Foi uma briga feia. Deu nisso E tudo começou com uma simples brincadeira. Já havíamos bebido muito. Um fim de sexta-feira, quase madrugada de sábado. E fomos rolando de boteco em boteco. Deixamos o Baixo-Leblon e fomos até a Lapa. Paramos no bar do Mário. Estava cheio aquilo. Era bicha e puta por tudo que é lado.
Pedimos duas pingas e fui até a vitrola. Foi aí que o Mário me soltou uma graça e ele não gostou. Mas como não tinha topete para enfrentar o Mário, aquela força bruta e negra de mais de 100 quilos em cima de um metro e noventa, arruaceiro de fama na boca da rua, veio em cima de mim. Me ofendeu. Me chamou de puta velha, boca torta, bunda murcha e outras. O quanto pôde, o quanto quis. Todo mundo me olhando.

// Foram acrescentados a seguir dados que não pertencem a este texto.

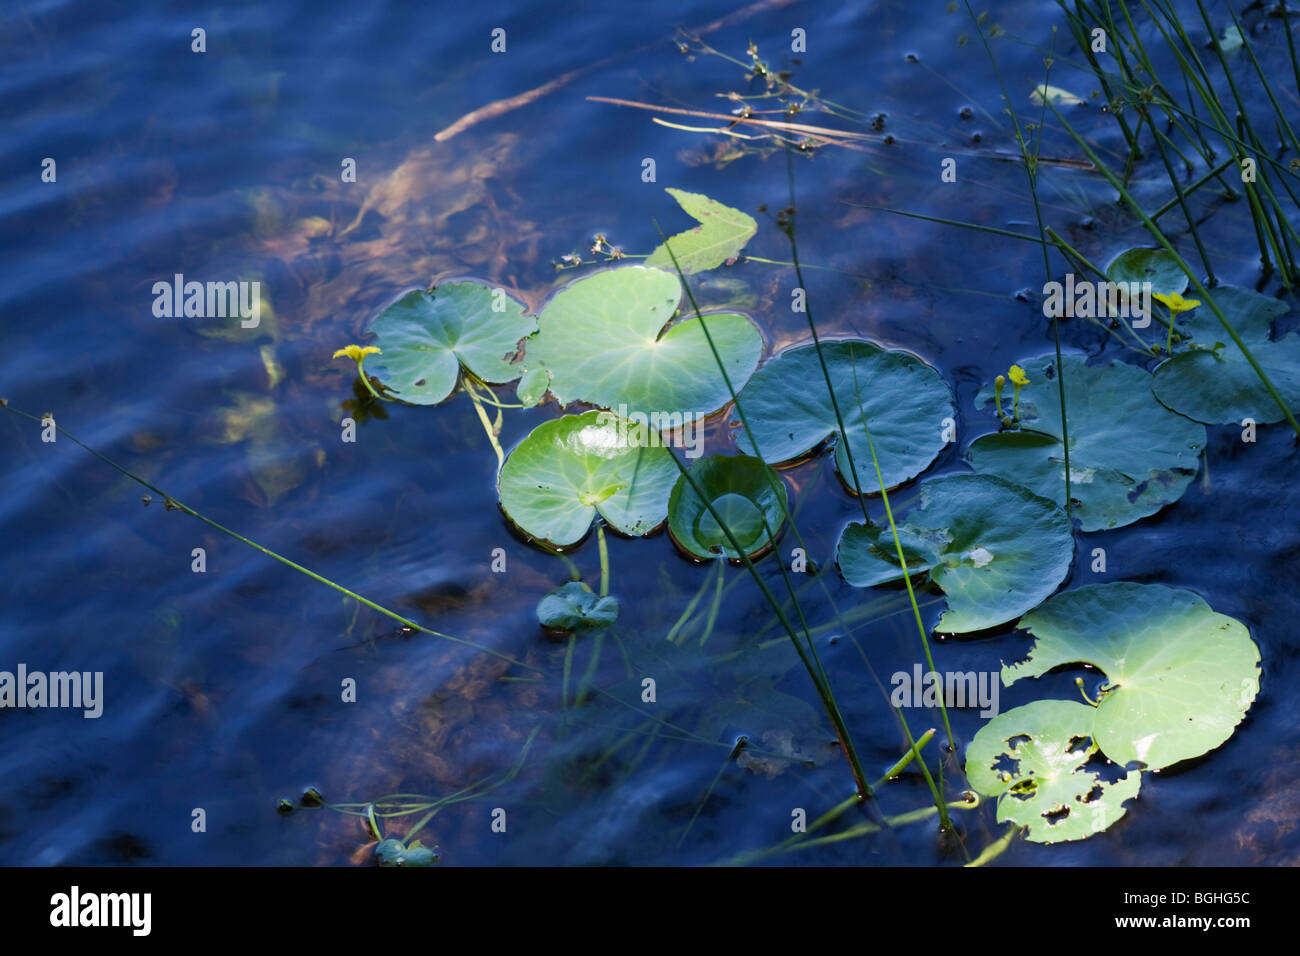 Shaft of sunlight highlighting water lilies on rippled surface. Color. Stock Photo

A porta do botequim se encheu de gente. A Lapa toda pra me olhar. Pra ver minha bunda murcha. E eu ali bufando. Bufando de raiva. E ele me xingando. Me xingando. Aí eu não agüentei mais e gritei:
E vocês aí, minha gente, tão sabendo do pau mole que ele é, tão? Tão sabendo que ele tira onda de machão, mas não dá nem pra pintura da fachada, tão?

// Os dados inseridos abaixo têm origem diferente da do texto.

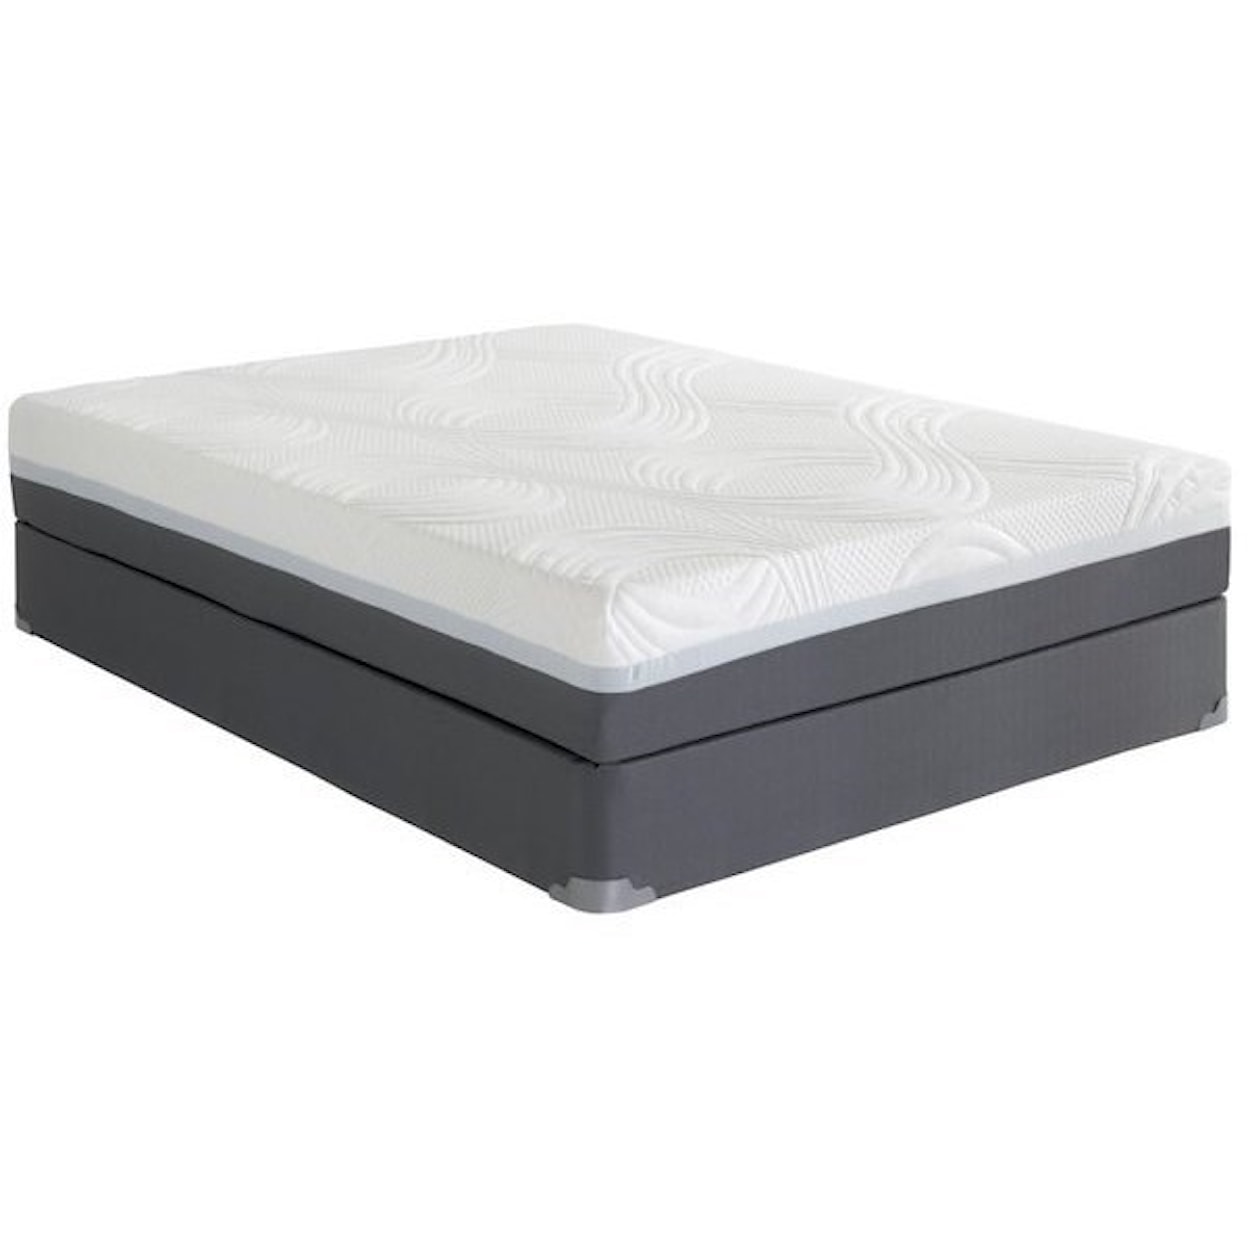 Spring Air Cool Reflections Phase 2 Full Luxury Firm Mattress Set

Aí foi aquela gargalhada geral. Foi aquele qui-qui-qui medonho. Mas a galera só estava ali mesmo no farejo da desgraça. Estava sentindo cheiro de sangue. Tava pedindo. Tava querendo sangue.
Quando eu falei "pintura da fachada" ele ficou fulo mesmo e partiu prá cima de mim. O olho vermelho de cana. Eu aí, pra me defender, peguei a garrafa em cima do balcão. Mas ele foi mais rápido. Sacou da navalha e zuniu com ela no ar, num lance preciso bem aqui no meu pescoço. Sangrou-me a carótida e a aorta. Ainda vi meu sangue, num esguicho de lança-perfume, bordando de vermelho as garrafas da prateleira. Não dava prá acreditar que aquilo fosse meu sangue. Parecia extrato de tomate num filme de moçinho.
Depois fui perdendo força. A boca salgada, cheia de líquido. O pescoço ardendo. O joelho foi dobrando, a vista escura, escura. A cara do Mário me olhando, tudo muito distante. As luzes pareciam vagalumes na escuridão. Até que tudo apagou. Tudo acabou. Caí no montoeiro de meu próprio sangue escorrendo, escorrendo até a porta do botequim, desenhando figuras sinistras no chão sujo e negro até a porta da rua.
Fui enterrada como indigente e até hoje meus ossos se encontram nessa vala comum. Não tenho parentes nem amigos. Quem ia se importar comigo, senão aquele velho, meu companheiro de botequim? Ele mesmo. O que me matou.